With this setup, traffic seems to be flowing through one LAN and things look ok. Now for PCC load-balancing. After reading a few forum posts, I came up with the following configuration:

/ip firewall mangle
add action=accept chain=prerouting disabled=no in-interface=act-ge1
add action=accept chain=prerouting disabled=no in-interface=airtel-fe9
add chain=prerouting in-interface=act-ge1 connection-mark=no-mark action=mark-connection new-connection-mark=act
add chain=prerouting in-interface=airtel-fe9 connection-mark=no-mark action=mark-connection new-connection-mark=airtel

/ip firewall mangle
add chain=prerouting in-interface=bridge connection-mark=no-mark dst-address-list=!not_in_internet protocol=tcp dst-port=22,80,443 per-connection-classifier=both-addresses:2/0 action=mark-connection new-connection-mark=act
add chain=prerouting in-interface=bridge connection-mark=no-mark dst-address-list=!not_in_internet protocol=tcp dst-port=22,80,443 per-connection-classifier=both-addresses:2/1 action=mark-connection new-connection-mark=airtel
add chain=prerouting in-interface=bridge connection-mark=no-mark dst-address-list=!not_in_internet per-connection-classifier=both-addresses-and-ports:2/0 action=mark-connection new-connection-mark=act
add chain=prerouting in-interface=bridge connection-mark=no-mark dst-address-list=!not_in_internet per-connection-classifier=both-addresses-and-ports:2/1 action=mark-connection new-connection-mark=airtel

/ip firewall mangle
add chain=prerouting connection-mark=act in-interface=bridge action=mark-routing new-routing-mark=to_act
add chain=prerouting connection-mark=airtel in-interface=bridge action=mark-routing new-routing-mark=to_airtel
add chain=output connection-mark=act action=mark-routing new-routing-mark=to_act
add chain=output connection-mark=airtel action=mark-routing new-routing-mark=to_airtel

/ip route
add dst-address=0.0.0.0/0 gateway=ether1-act distance=1 routing-mark=to_act check-gateway=ping
add dst-address=0.0.0.0/0 gateway=ether9-airtel distance=2 routing-mark=to_airtel check-gateway=ping

The moment I enter the first route add dst-address=0.0.0.0/0 gateway=ether1-act distance=1 routing-mark=to_act check-gateway=ping something terrible happens to the router and I have to reset all configuration via the nifty LCD display to get back to the router. Just plan reboots seem to do nothing, the router does not provide a DHCP lease and setting up a static IP on my laptop plugged directly into one of the bridge interfaces cannot estabish connectibity. Clearly I’m doing something heinous here but I can’t figure out what.

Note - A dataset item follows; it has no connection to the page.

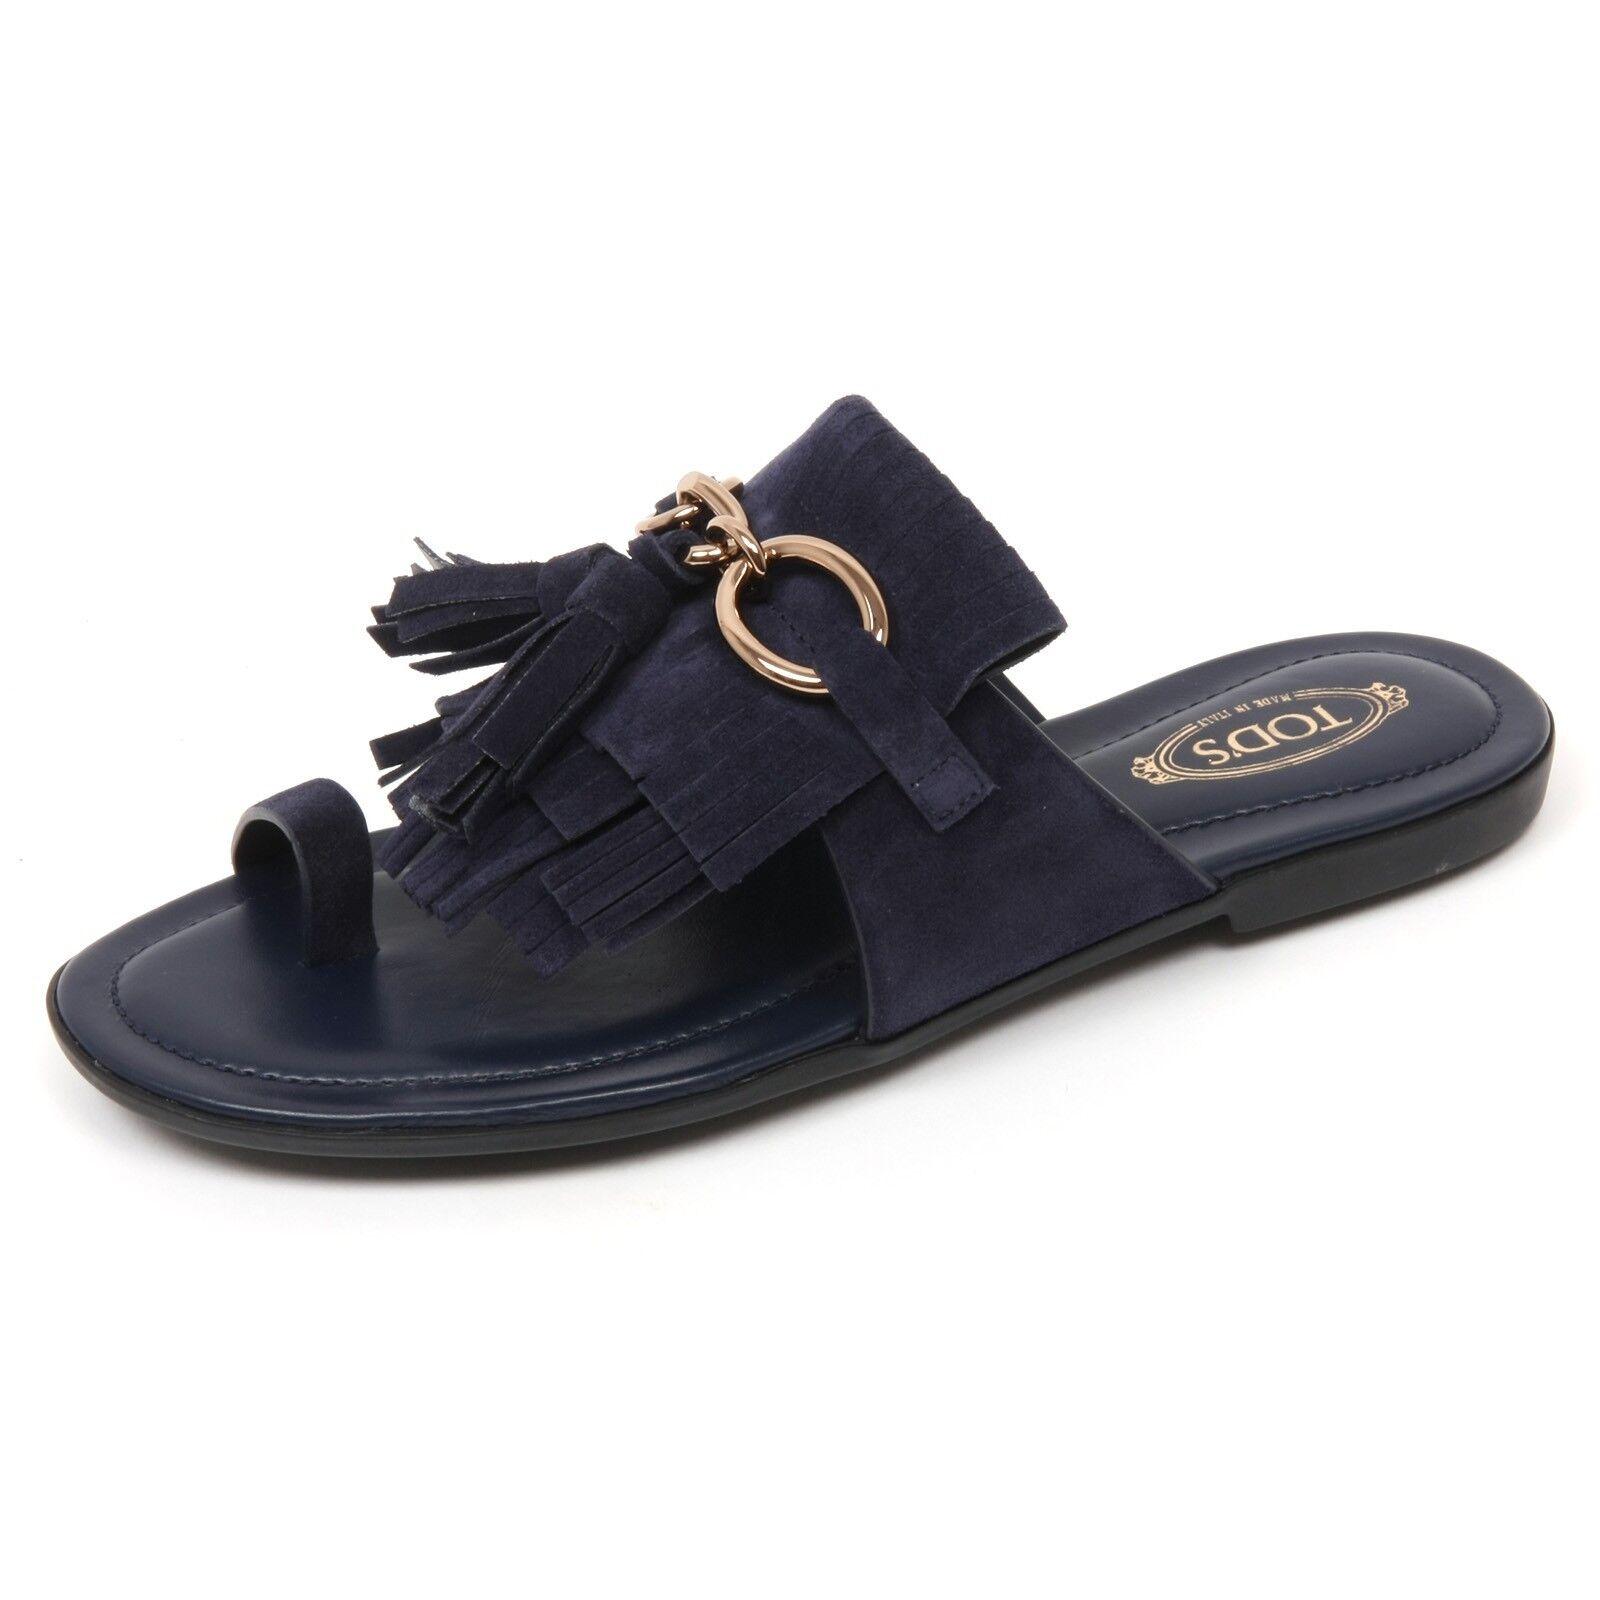 C9102 INFRADITO INFRADITO INFRADITO mujer Tod'S Scarpa Sandalo azul FRANGIA azul Zapato Mujer  los clientes primero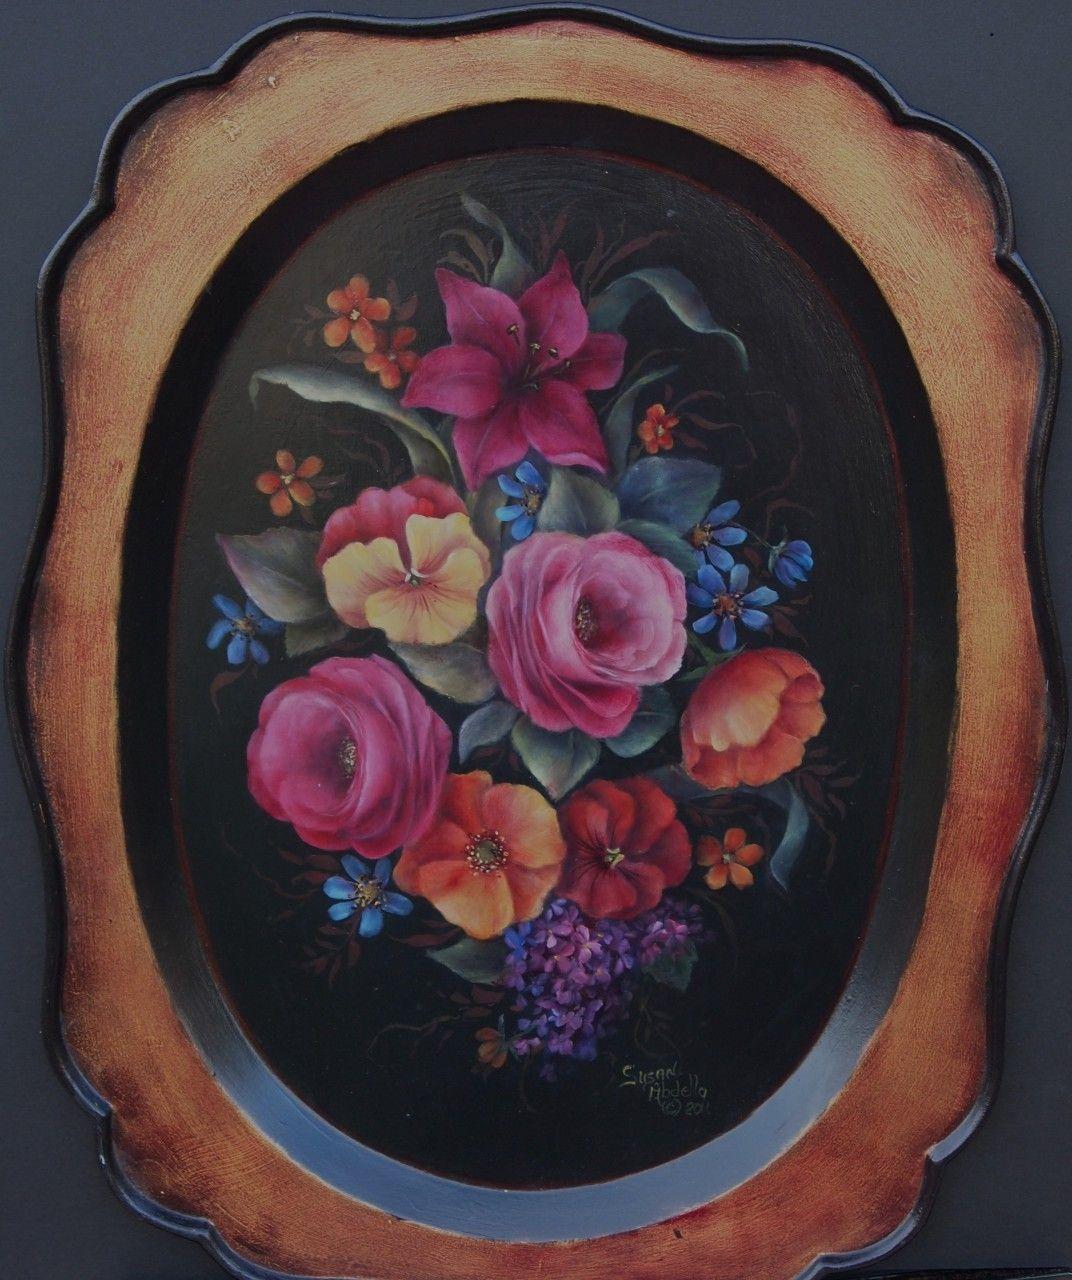 Art Apprentice Online - Acrylic DVD - Flowers From My Garden - Susan Abdella MDA, $24.95 (http://store.artapprenticeonline.com/acrylic-dvd-flowers-from-my-garden-susan-abdella-mda/)

I also have a couple of questions:

• Most of the posts start with adding LAN addresses to the WAN interfaces. I am assuming that I don’t need to do this as the WAN interfaces are configured by PPPoE.
• Are the PPPoE interfaces first class interfaces? Can I use it as I have done above?
• Can I use the WAN interface list in the mangle rules? Something like: /ip firewall add action=accept chain=prerouting disabled=no in-interface-list=WAN

You’re Indian, I’m Indian, so I can be of more help in the context of Indian ISPs.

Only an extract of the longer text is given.